Oct
5
Secret Single Behavior

Do you recall the Sex and The City episode that revealed Secret Single Behavior? You know, Carrie stacked saltines and stood in the kitchen eating them while Charlotte enjoyed peering into her magnifying mirror and examining every single pore. I can’t remember Miranda’s, and — of course — Samantha had nothing she wouldn’t do in front of a member of the opposite sex.

Well, it’s always a mini-bummer when you wake up and all you have next to you is a dog with a full bladder. You wish the boyfriend didn’t really have to go home. You wish that every morning was a cuddle morning. Yet, secretly, it’s awesome to just be by yourself.

Being by myself is something I’ve never done, actually. Obviously, I’ve lived with my parents from birth through high school. I had two roommates in college. I moved back home and basically immediately in with a guy for two and a half years. I was definitely lacking independence and solitariness.

So, here I am, living all alone for the very first time in my life. Baseball bat stationed next to the bed. Loud dog at my feet. Two deadbolts on the door. I thought I would be terrified or, at the very least, lonely. I had to remind myself of the list I read somewhere…the one about However Many Things To Do Before You Get Married. Something to that effect. Well, live alone for a year was on that list, so I figured it would be a good idea to try it out.

So, here we come to the Secret Single Behavior. I have several, and they’re really fun.

The other day, I washed my hair and then proceeded to make it a goal to dry it only by dancing. iTunes shuffled, my abs ached, my legs were sore, I was breathing heavily…but my hair was dry.

I like to swear loudly while playing Mario Kart and Sonic the Hedgehog on the Wii.

I like to put on various facial masks and watch Buffy The Vampire Slayer. Yes, I own all seven seasons on DVD, and I’m proud.

I like to make lip dub music videos then either delete them or hide them in a secret file on my computer. I’m really, really good at it, by the way.

I like to dip every stocked grocery into sour cream and eat it.

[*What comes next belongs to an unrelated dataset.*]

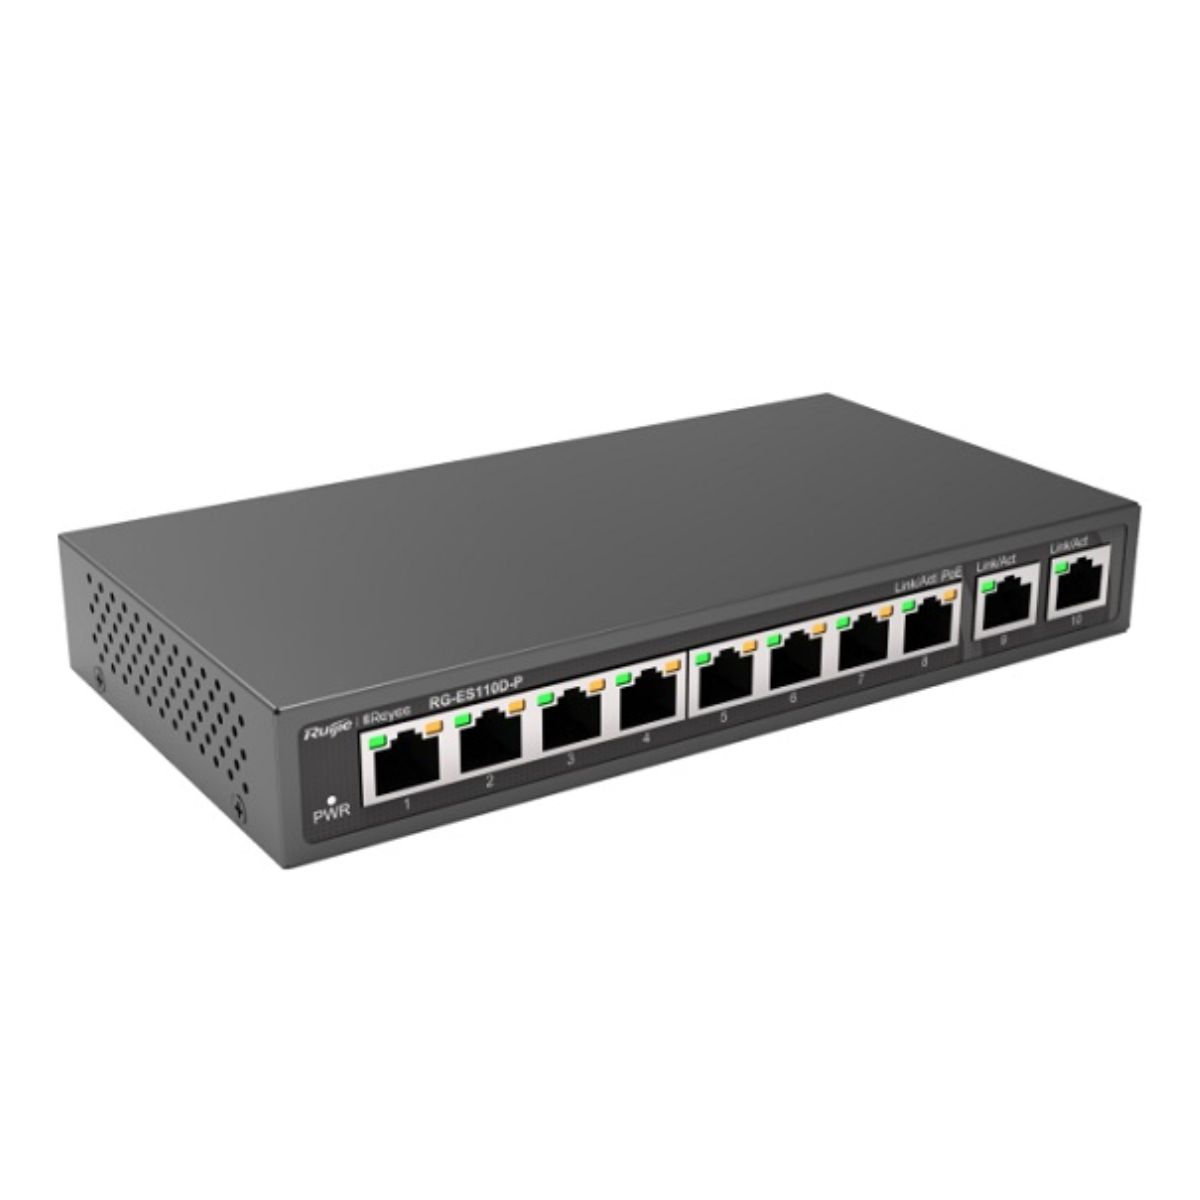  Switch chuyển mạch 10 cổng PoE Ruijie RG-ES110D-P 8 cổng10/100Mbps PoE, 2 cổng 10/100/1000Mbps

Hopefully, one day, I will venture to do these things with a boy who will award me Cute Points for this madness. One day, my kids will be bebopping to Madonna and Beyoncè with mud masks while eating artichoke hearts topped with sour cream…and yeah, we’ll be recording it for our lip dub. 

Do you have an SSB?

  1. molokovellocet answered: sitting naked with my dog bawling my eyes out at fried green tomatoes.
  2. kristenes answered: miranda watched infomercials while moisturizing her hands in gloves. my ssb is pretty much anything i can do while wearing only my undies.
  3. ericashea answered: Before H&B my SSB went from singing Grease in my panties and bra to bowls of Trix cereal vanilla ice cream while bawling to Bambie.
  4. hipincognito answered: I marathon old TV shows and yell at the characters for being so stupid. It’s the only time I ever cuss (in real life and online). It’s fun.